The test statistic, \( \frac{\bar{Z}^2}{\sum(Z_j - \bar{Z})^2} \), measures the strength of the observed mean difference relative to variability. A higher value means \( \bar{Z} \) isn't likely due to chance, suggesting the treatment possibly has an effect.

degrees of freedom

Degrees of freedom (df) represent the number of values in the final calculation of a statistic that are free to vary. In hypothesis testing, they ensure that our statistical tests accurately reflect the variability in the data.
In paired samples, each patient pair contributes one piece of independent information. Thus, for \( n \) pairs:

• The formula is \( n-1 \) for degrees of freedom.
• This affects the critical value from the Student's t-distribution used in hypothesis testing.

Understanding df is crucial because it influences both the width of confidence intervals and the significance level of your test results.

Student's t-distribution

Student's t-distribution is essential for analyzing data with small sample sizes, especially when the population standard deviation is unknown.

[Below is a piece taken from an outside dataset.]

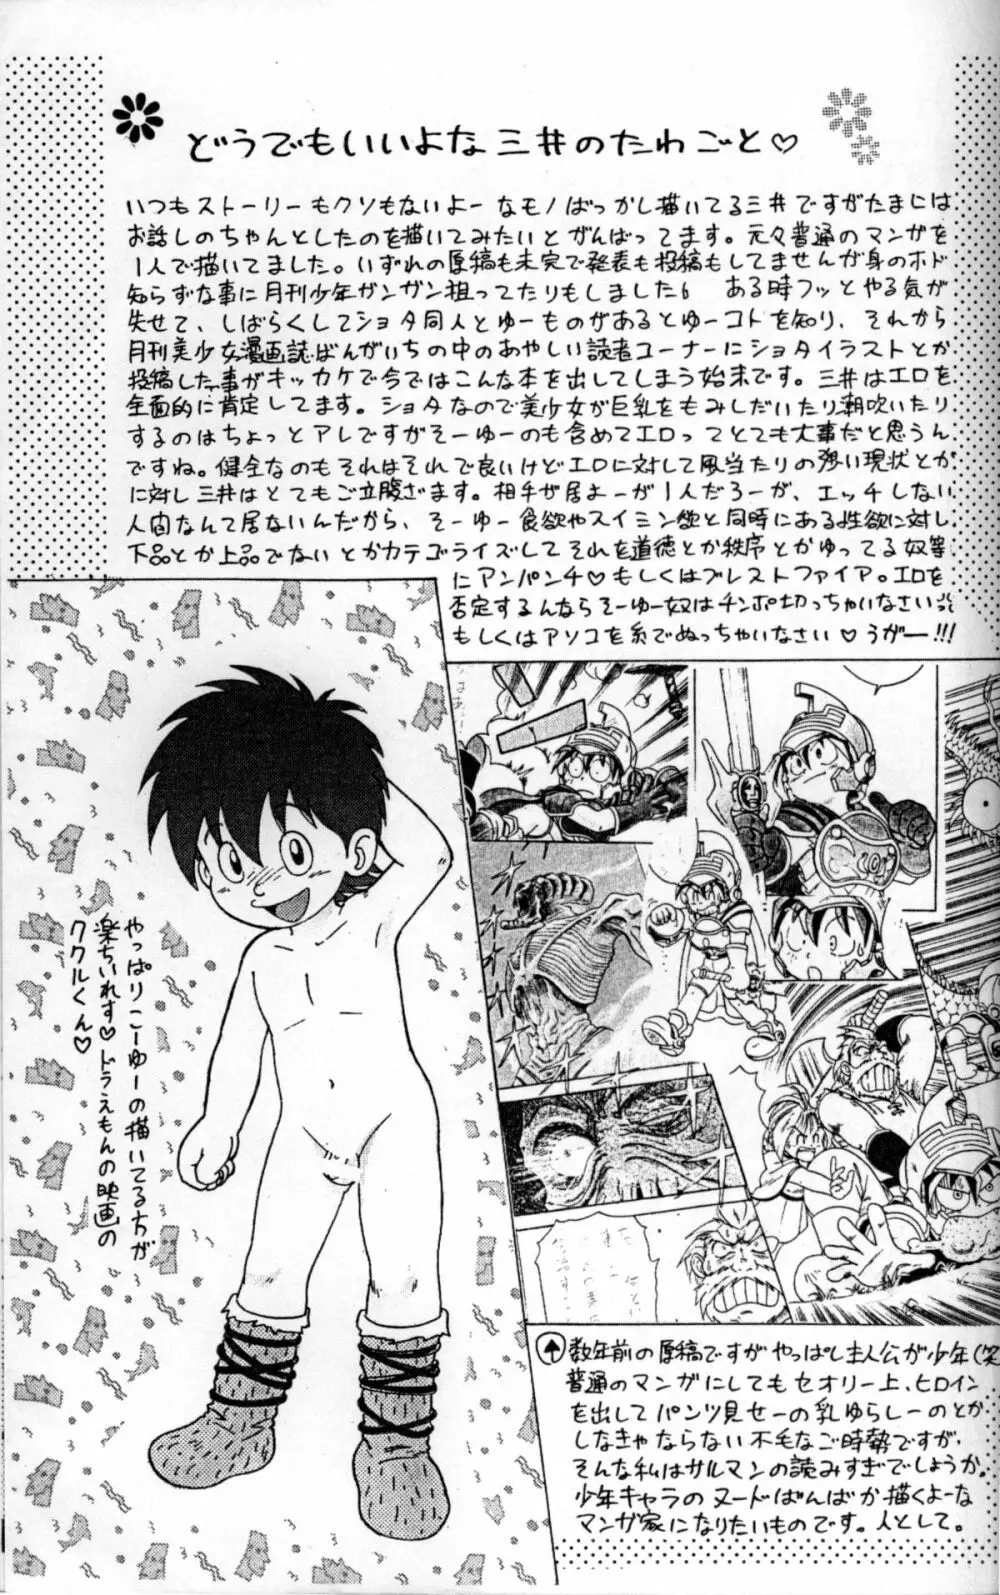 Mitsui Jun – Dreamer’s Only – Anime Shota Character Mix 14ページ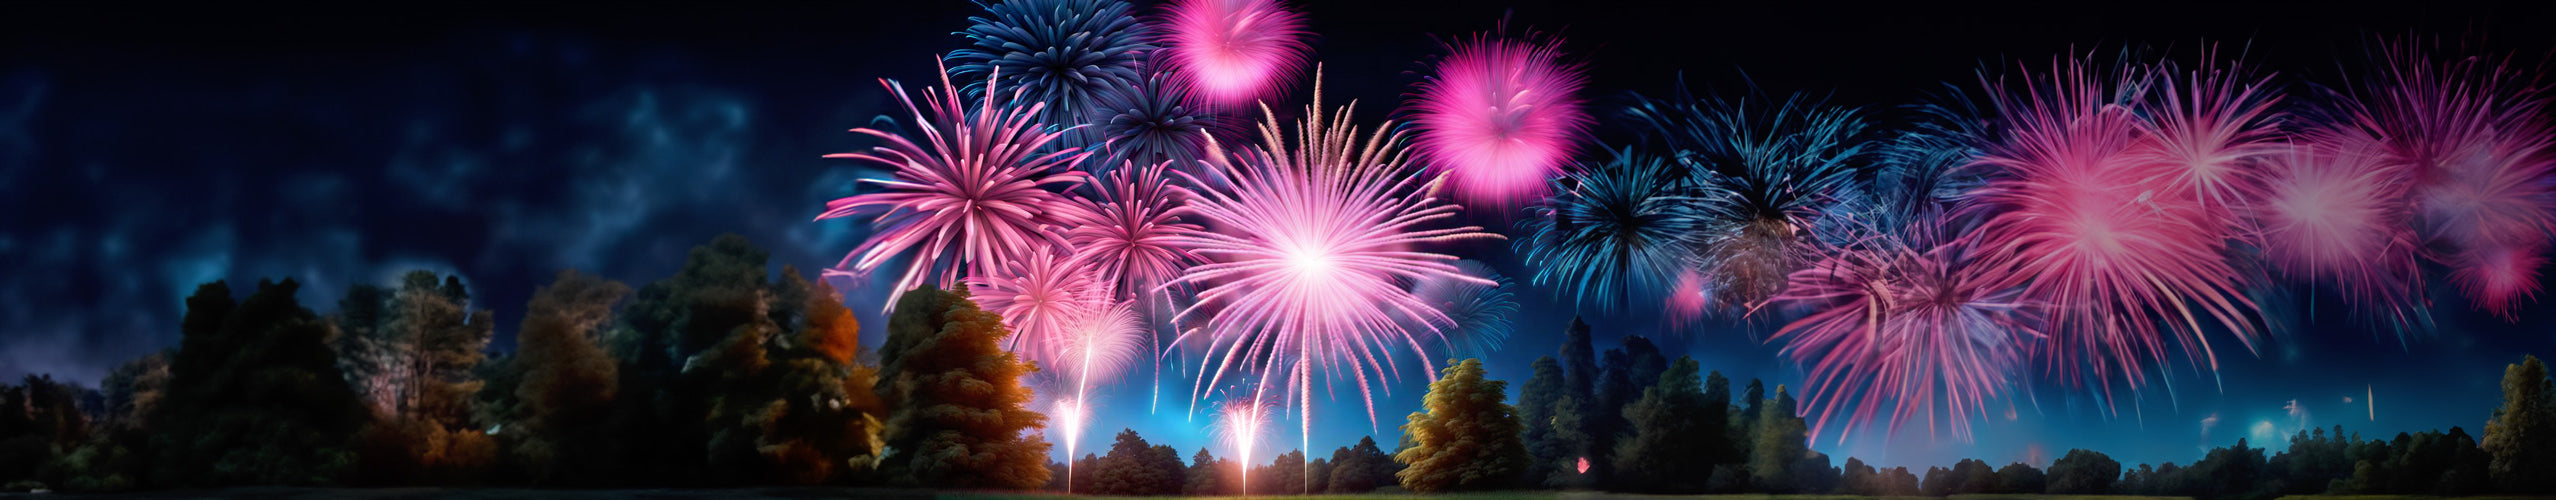 DIY Firework Displays for Gender Reveal Parties — Epic Fireworks

It is bell-shaped like the normal distribution but has thicker tails, which reflect more uncertainty.
Key features include:

• Dependence on degrees of freedom: As df increases, it approaches the normal distribution.
• Used to derive critical values for t-tests and confidence intervals.

In this experiment, the t-distribution helps us determine if the observed difference in \( \bar{Z} \) is significant, indicating a potential treatment effect on blood pressure. It's a crucial tool when working with smaller \( n \) due to increased variability.